Aim of the task: Without the pictures, set down every line of the data exactly.

The data:
========
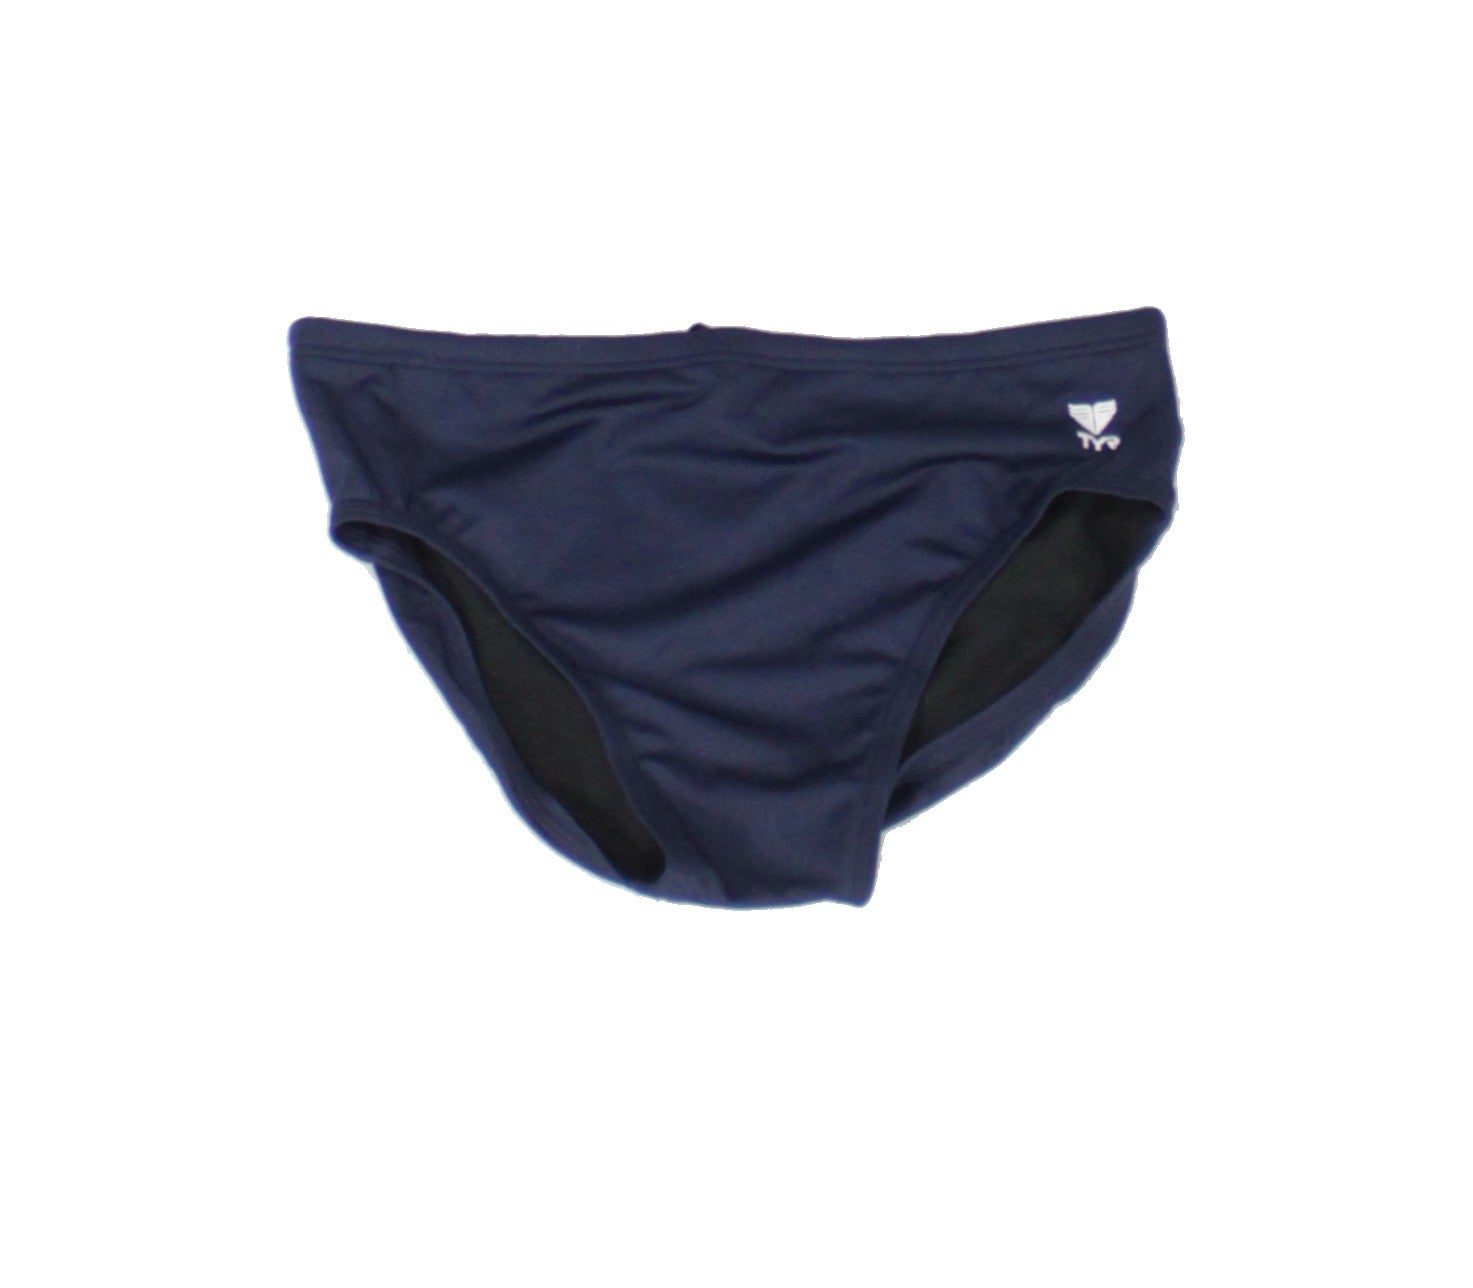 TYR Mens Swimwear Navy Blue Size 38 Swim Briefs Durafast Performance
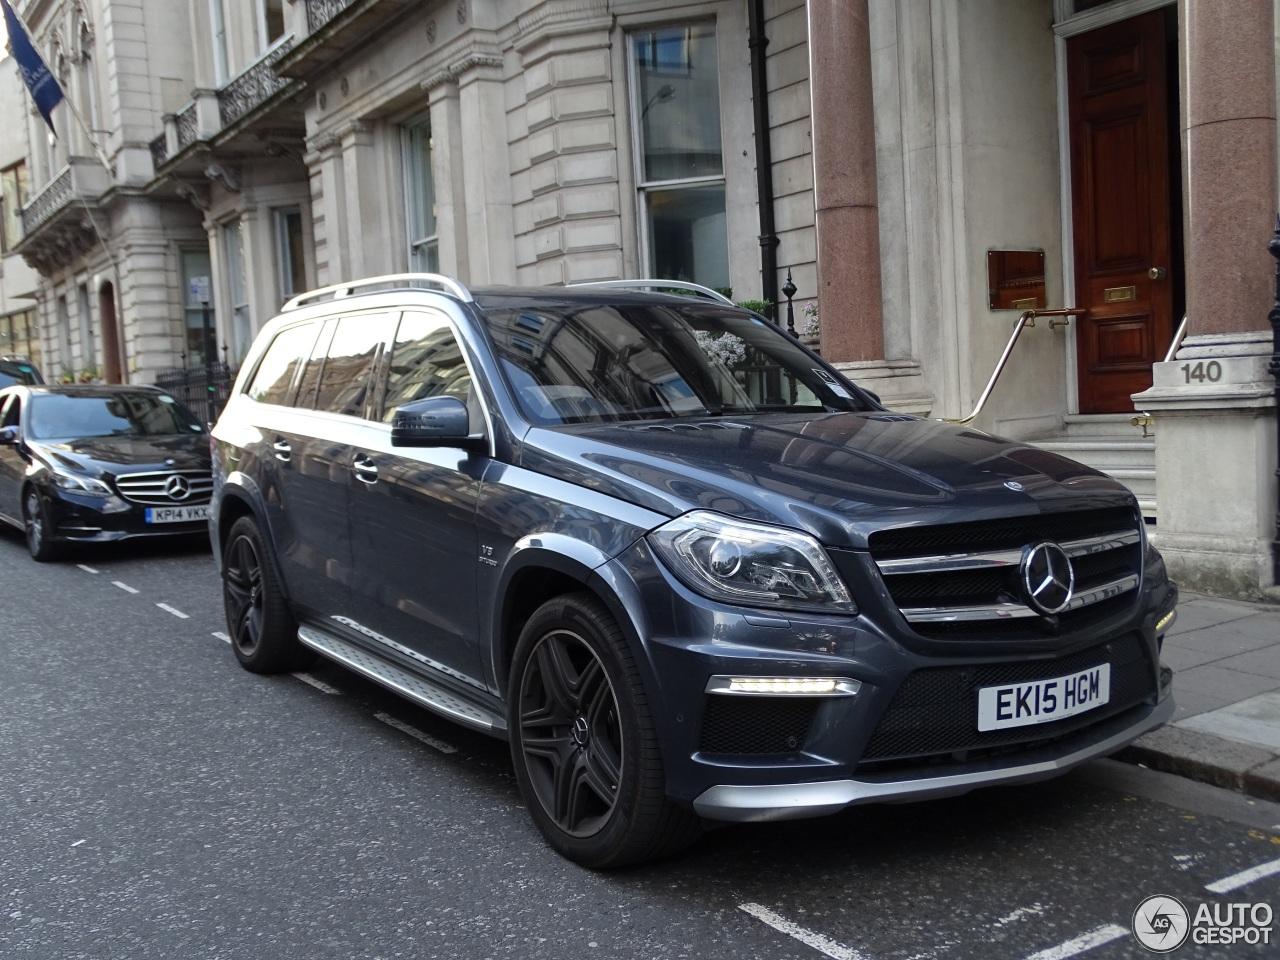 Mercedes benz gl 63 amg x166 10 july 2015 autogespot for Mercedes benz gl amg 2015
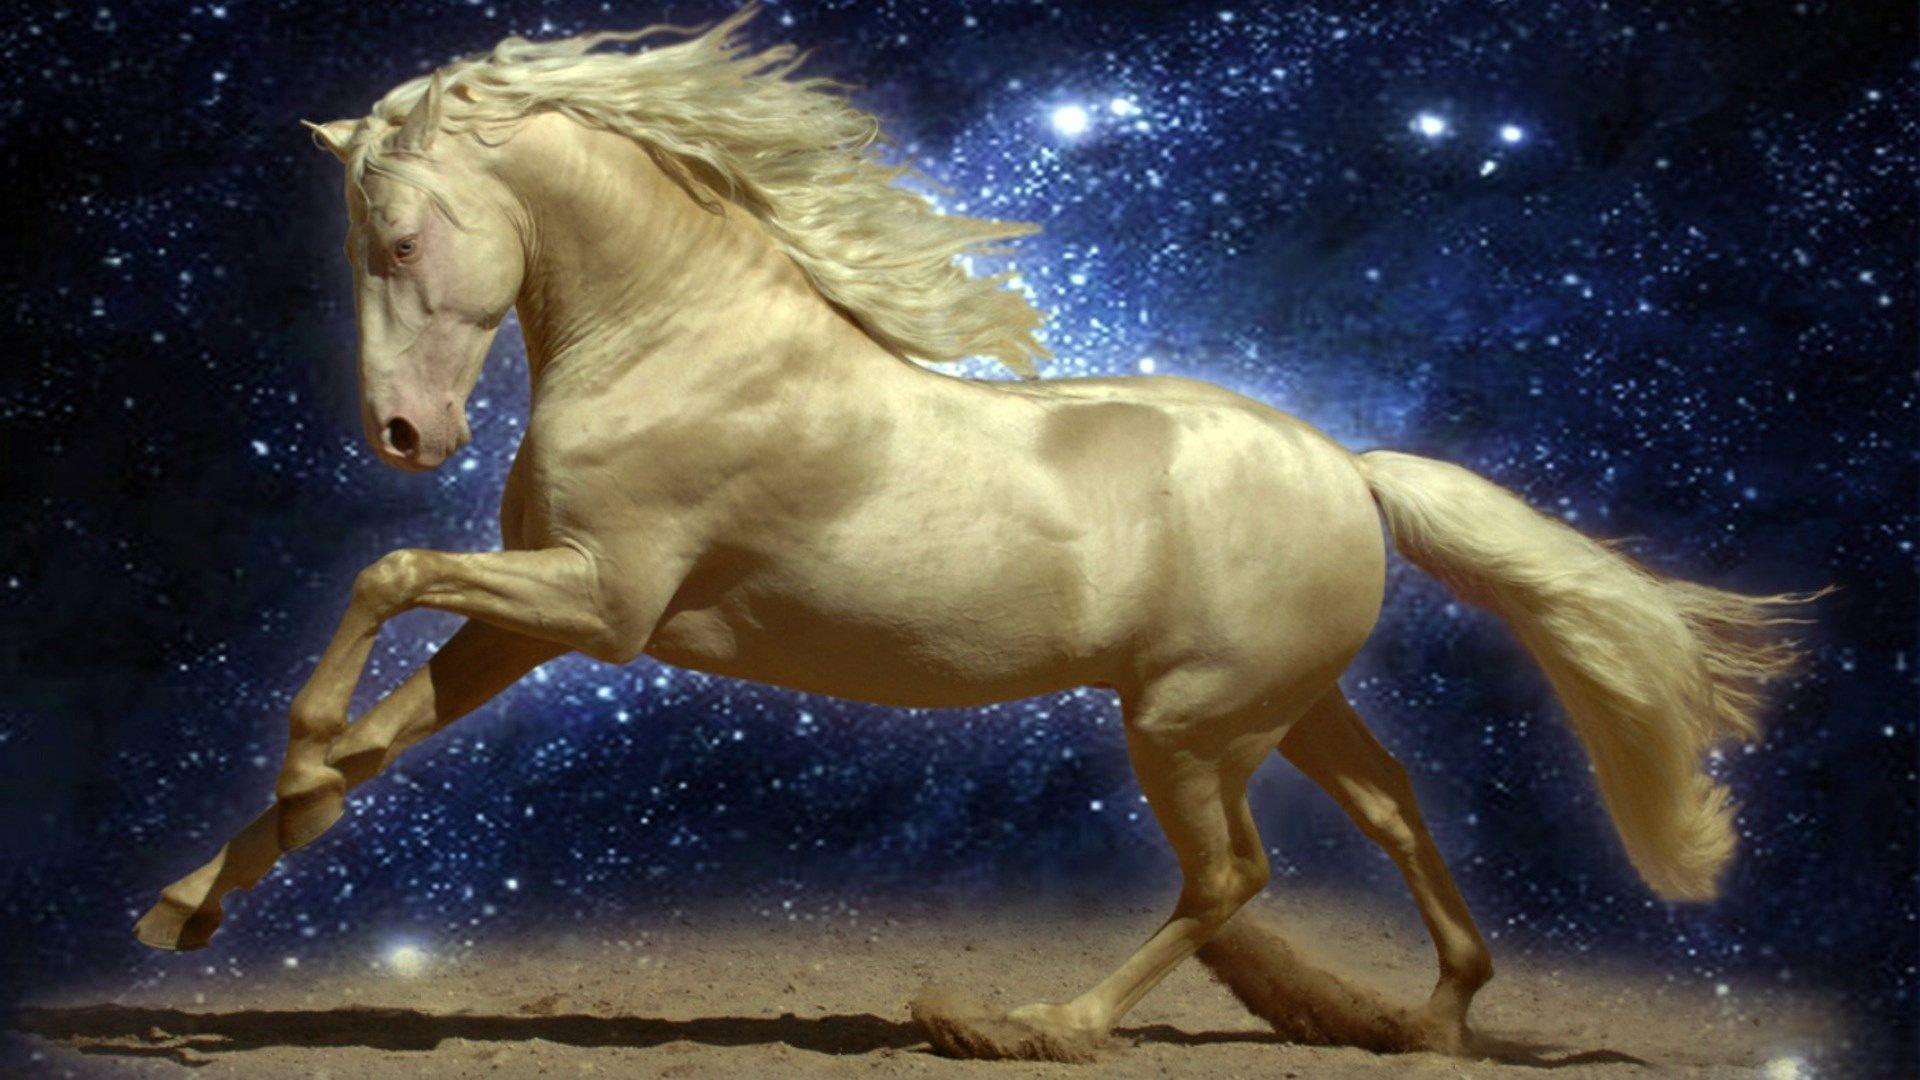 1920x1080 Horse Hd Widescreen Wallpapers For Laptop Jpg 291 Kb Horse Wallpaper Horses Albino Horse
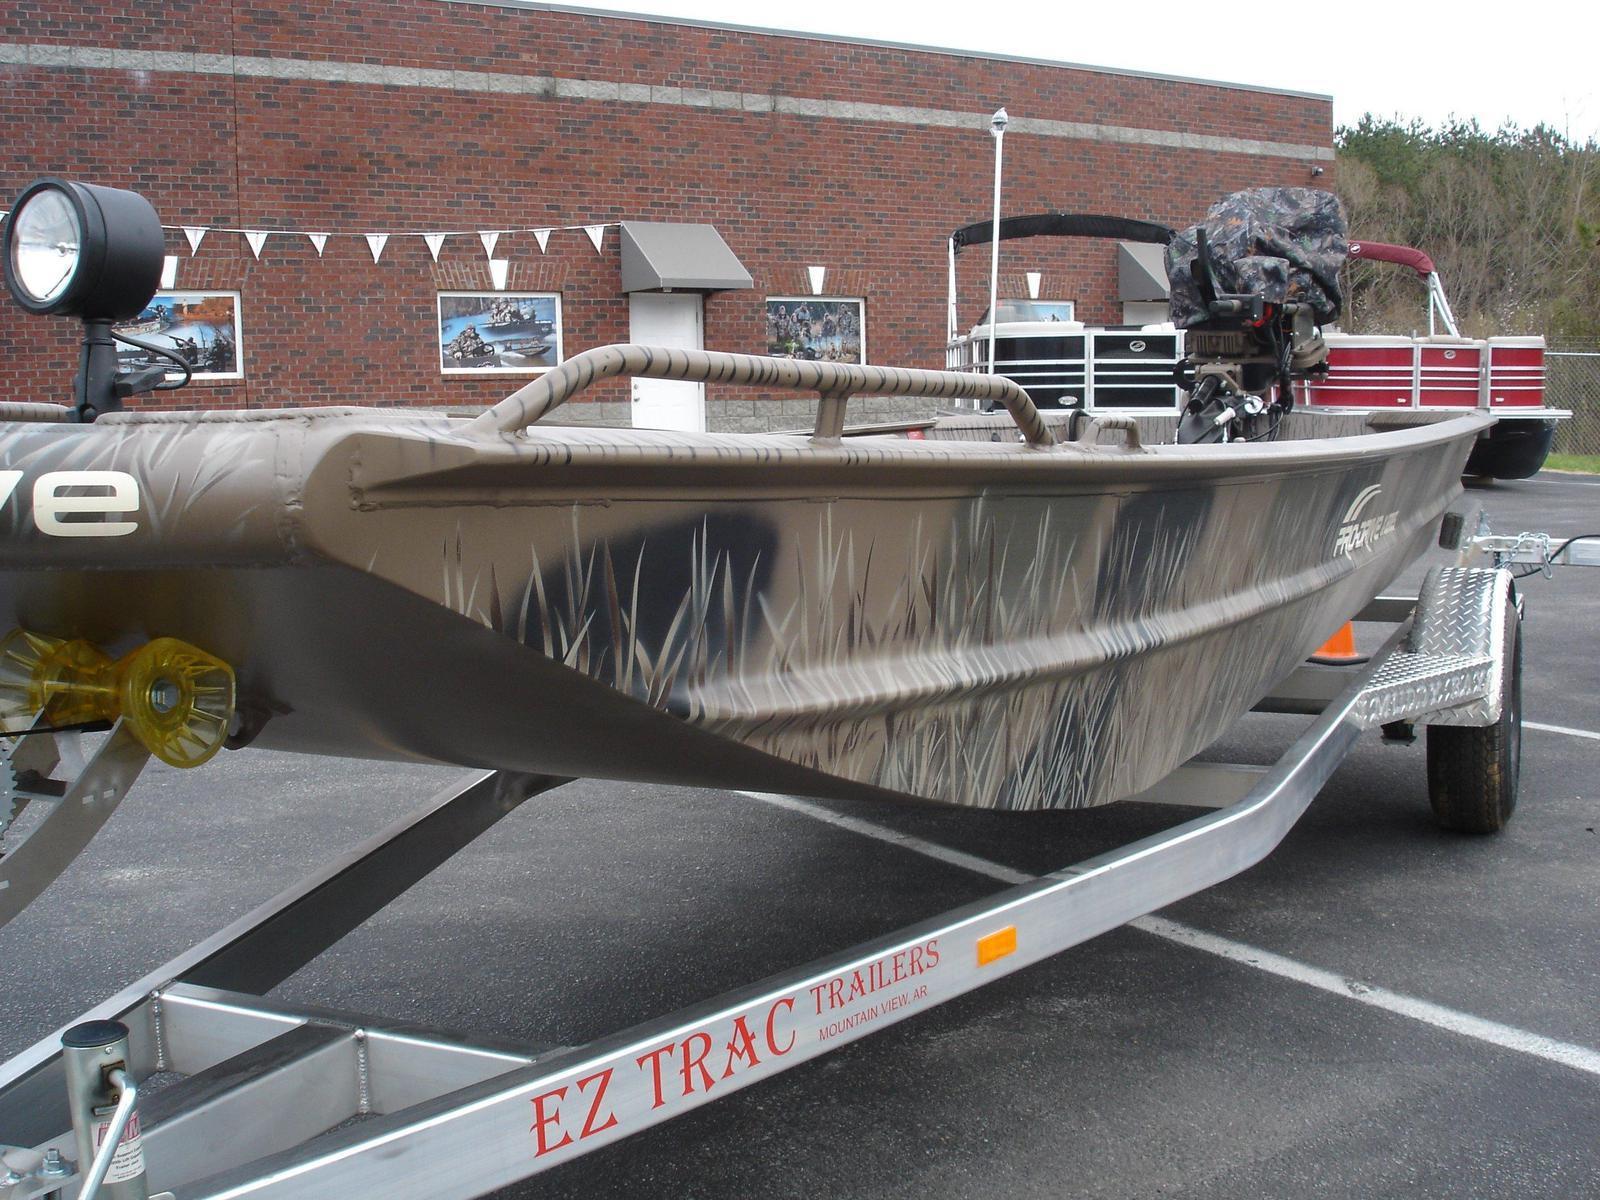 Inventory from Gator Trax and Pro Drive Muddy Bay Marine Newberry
========
Answer to this problem:
 TYR Mens Swimwear Navy Blue Size 38 Swim Briefs Durafast Performance
 Mercedes benz gl 63 amg x166 10 july 2015 autogespot for Mercedes benz gl amg 2015
 1920x1080 Horse Hd Widescreen Wallpapers For Laptop Jpg 291 Kb Horse Wallpaper Horses Albino Horse
 Inventory from Gator Trax and Pro Drive Muddy Bay Marine Newberry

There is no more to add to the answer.